Candidate Donald Trump struck fear into the Dreamers.
"We will immediately terminate President Obama's two illegal executive amnesties," Trump told a cheering Phoenix rally in August 2016.
Barack Obama issued executive actions that shielded young undocumented immigrants from deportation if they were brought to the U.S. as children.
Obama's imminent departure set off alarms.
"They can come to our door, knock on the door and possibly take away our families," Dreamer Ricardo Zamudio told me last December.
Community organizers were preparing Dreamers and their families for "emergency action" in case immigration cops showed up at their door.
Then President Donald Trump changed his tune.
Trump's message to Dreamers: "Rest easy."

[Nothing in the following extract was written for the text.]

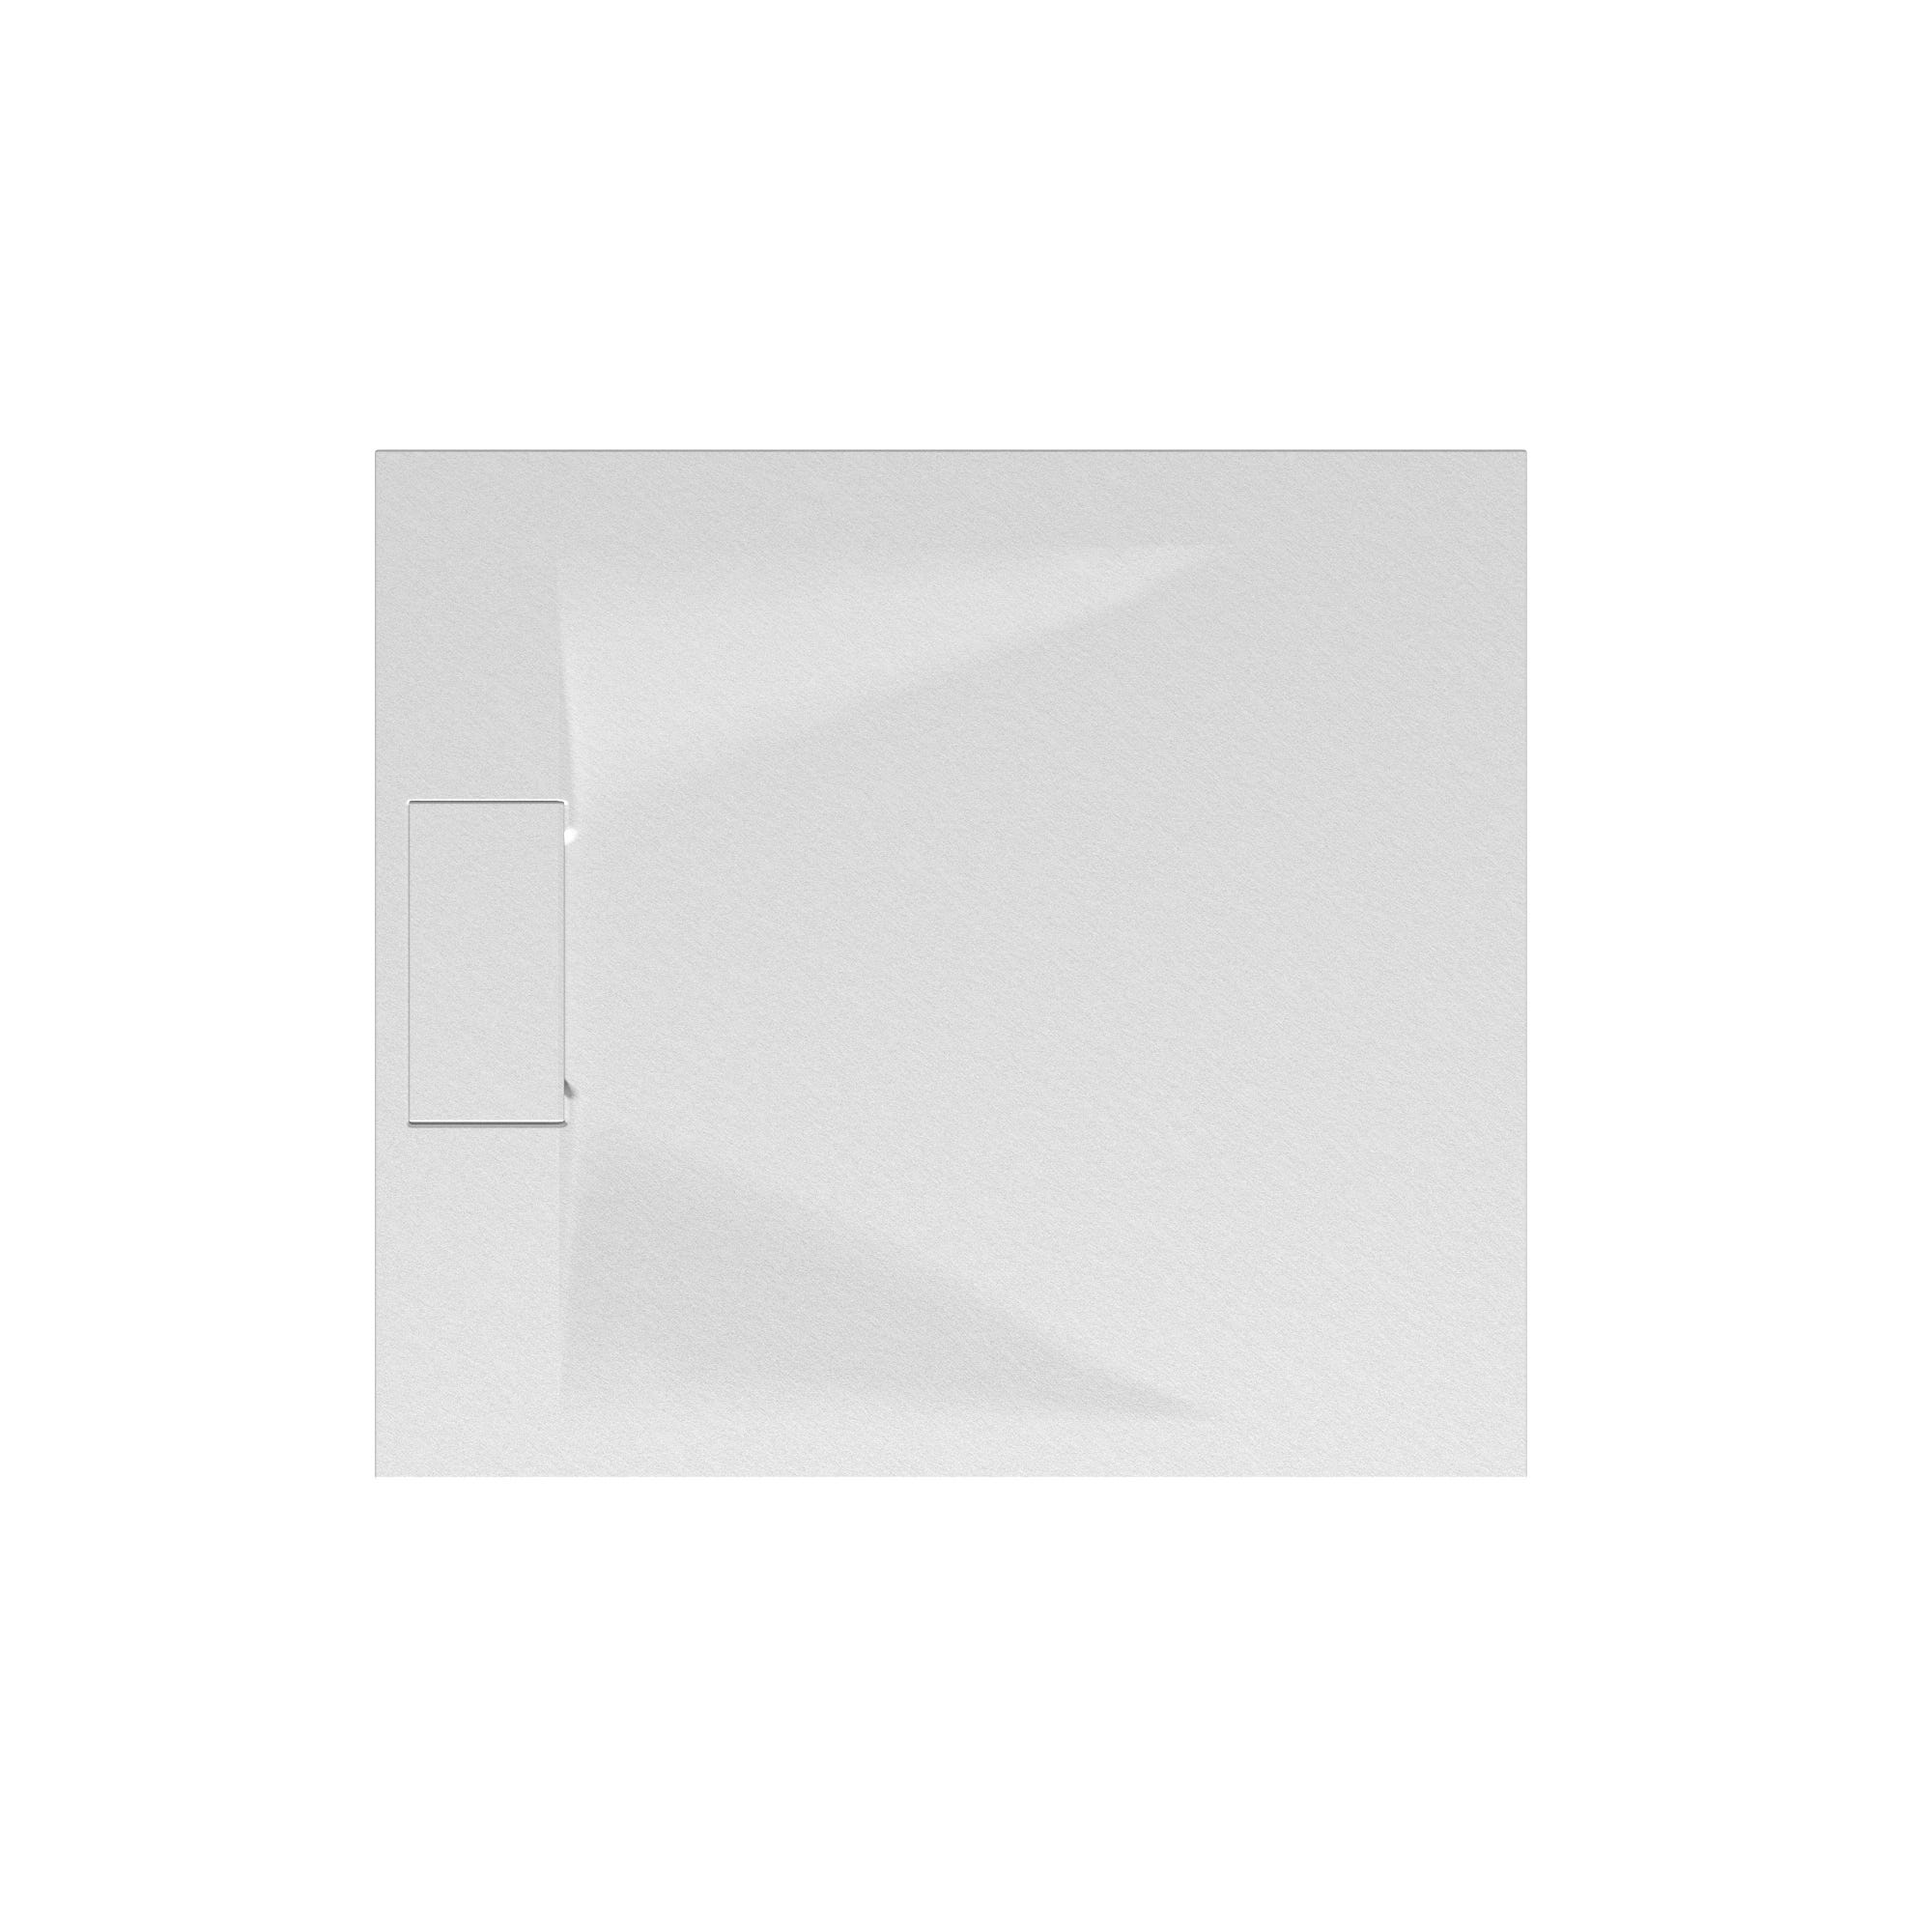 Schulte receveur de douche 80 x 90 x 3,2 cm, blanc effet pierre ultra légers, rectangulaire, extra plat à poser ou à encastrer, bac à douche 1

"He said that he had a good heart, he's a good person, they shouldn't be scared," said Aldo Gonzalez, who helps Dreamers with their applications for the DACA program - Deferred Acton for Childhood Arrivals.
"What we've seen is the opposite of that," Gonzalez said.
New numbers from U.S. Citizenship and Immigration Services confirm Trump isn't going easy on Dreamers, who must renew their DACA work permits every two years.
During the last three months of 2016, just four percent of renewals were rejected.
During the first three months of this year under Trump, the rejection rate has tripled, to 13.5 percent.
Gonzalez said he believes Trump's executive orders earlier this year, cracking down on undocumented immigrants, explain the surge in rejections.
Those Trump orders have led to a spike in deportations of undocumented immigrants with non-violent offenses on their records.
"Anyone who has anything in their record," Gonzalez said, "is subject to being deported."
It's not clear how many of Arizona's 56,000 DACA recipients or new applicants have been deported.